むしろ『ふーん、それで?』みたいな軽い反応を予想していたんだが……。
「熱があるなら病院行った方がいいんじゃない?」
「おい、お前は俺をなんだと思ってんだ」
「だってお兄さんだよ?買い物以外は基本家から一歩も出ないお兄さんだよ?その買い物もなるべくならネットで済まそうとしちゃうようなお兄さんだよ?」
「なんて言い草だ」
「でも否定は」
「できない」
「でしょ?」
くっ、言い負かされた!それではまるで俺が引きこもりみたいではないか!
……事実だった!
「いや、でも、なんかさ。さとうが学校に行きながらバイトも頑張ってる姿を見てると、俺もなんかやらなきゃなって思っちゃうっていうか……」
「うーん、なるほどねー……」
顎に指を当て斜め上あたりを眺めるさとう。
なんというか様になっている。
「でもお兄さん、別にお金には困ってないんでしょ?」
「それは……そうなんだけどさ……」
俺が生を受けた家はお金持ちだった。
そして両親が死んだことにより、俺は一生働かなくても暮らせるだけの大金を手に入れた。
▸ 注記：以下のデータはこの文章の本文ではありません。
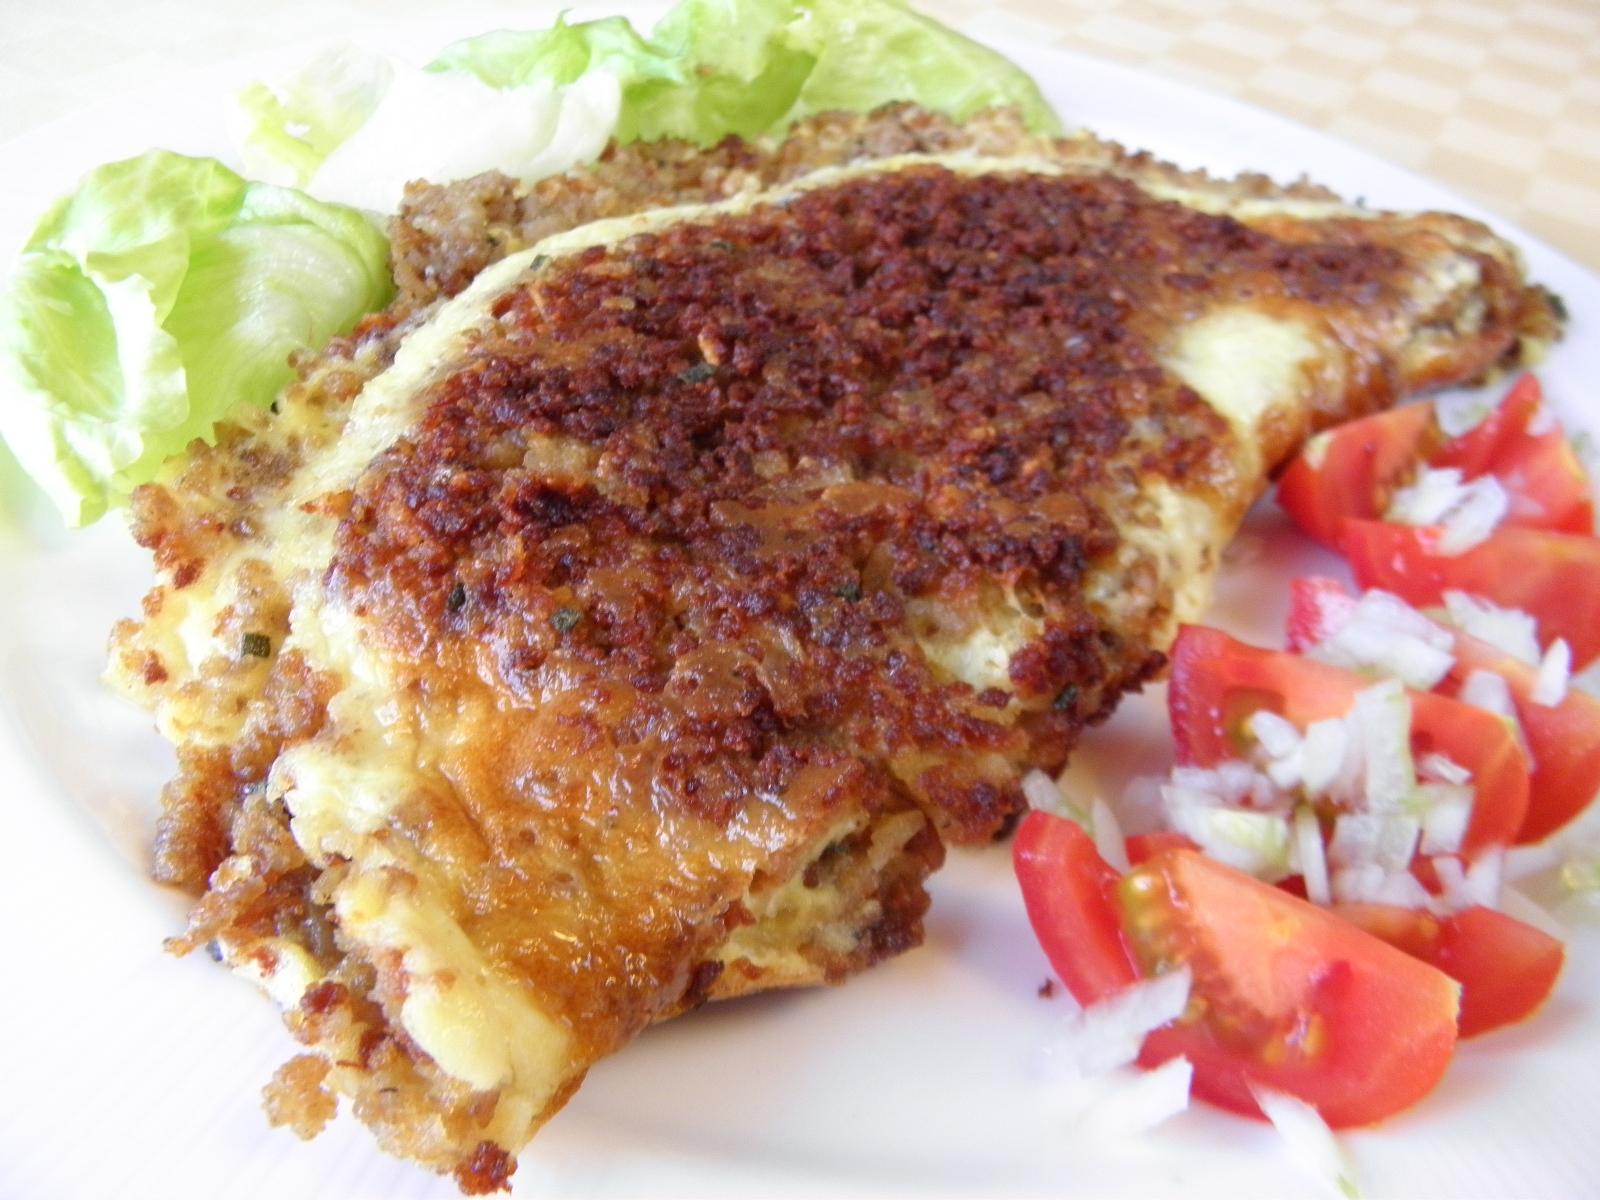 Fotografie receptu: Masová omeleta se sýrem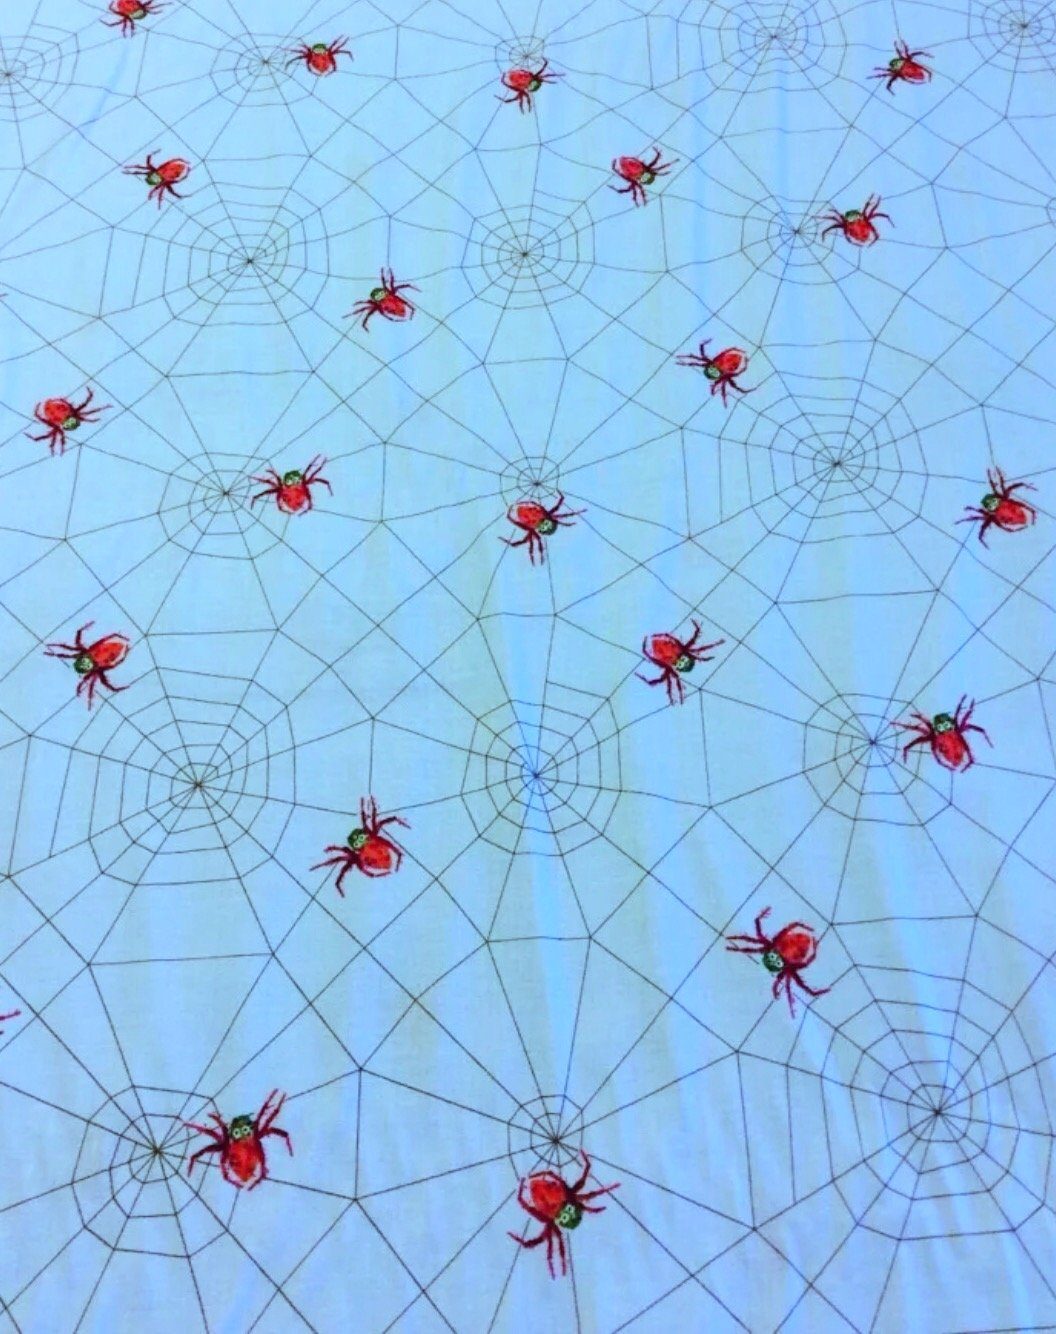 Fat Quarter! Eric Carle Spider Web Children's Book Retro Quilt Fabric Cotton Fabric Hungry Caterpillar FQFF26

こう言っては嫌味に聞こえるだろうが、俺は別にそんなものは欲しくなかった。
命はお金で買えないとはよく言ったものだ。
俺はお金よりも家族と暮らしていたかったのだ。それが今になって痛いほど実感できている。
「でも、やっぱりなんかモヤモヤするっていうか……」
そして今、家族のような存在が未来のために頑張っている。
ならば自分も何かしなきゃいけないだろう。
必要不必要は関係ない。いわばただな自己満足なのだから。
「うん、お兄さんの言いたいことは分かるよ」
しかしやはりと言うべきか、さとうの反応は微妙なものだった。
「でもこれは私が望んでやってる事だから。そこまでお兄さんが気にする必要もないと思うよ?」
ぐっ、この俺が珍しくやる気を出したというのに!
俺はただ『頑張れ』いう一言がさとうから欲しいだけなのに!一体何がそんなに不満だと言うんだ!
「それに、お兄さんがお家でしおちゃんを見守っててくれるからこそ、私も安心して外出できるって部分もあるんだよ?」
なるほど理解した。
そりゃさとちゃんにとってはしおちゃんが一番だもんね!
いや、でもこの発言は俺を信用してくれているとも取れる。
それは嬉しい。すごく嬉しい。
固めた決心が鈍りそうになる。
いや、でも、うーん……。
「まあ、引きニートが恥ずかしいっていうお兄さんの気持ちも分かるから……あ、やっぱりわかんないや、私学生の上に働いてる身だし。お兄さんと違って」
嘲笑を浮かべてこちらを見下すその表情に、俺の決意は当初の数倍ほど固くなった。
俺は引きニートをやめるぞ!さとぉぉぉうッ!
****
俺がバイトを始める。それはしおが一人で長時間家にいるという事を意味している。
そのため話し合いの内容は自然と家の防犯についての事へと移り変わっていった。
「しおの身に降りかかる危険をどれだけ減らせるか、ねぇ……」
「違うよお兄さん。減らすだけじゃダメ。無くさないと」
「あ、うん、そうだな」
しおはそこまで幼くもないだろうという意見は飲み込んだ。
目がマジだったのだ。
流石しおちゃんガチ勢である。扱いの丁寧さが産まれたての赤子のそれと同程度くらいあるかもしれない。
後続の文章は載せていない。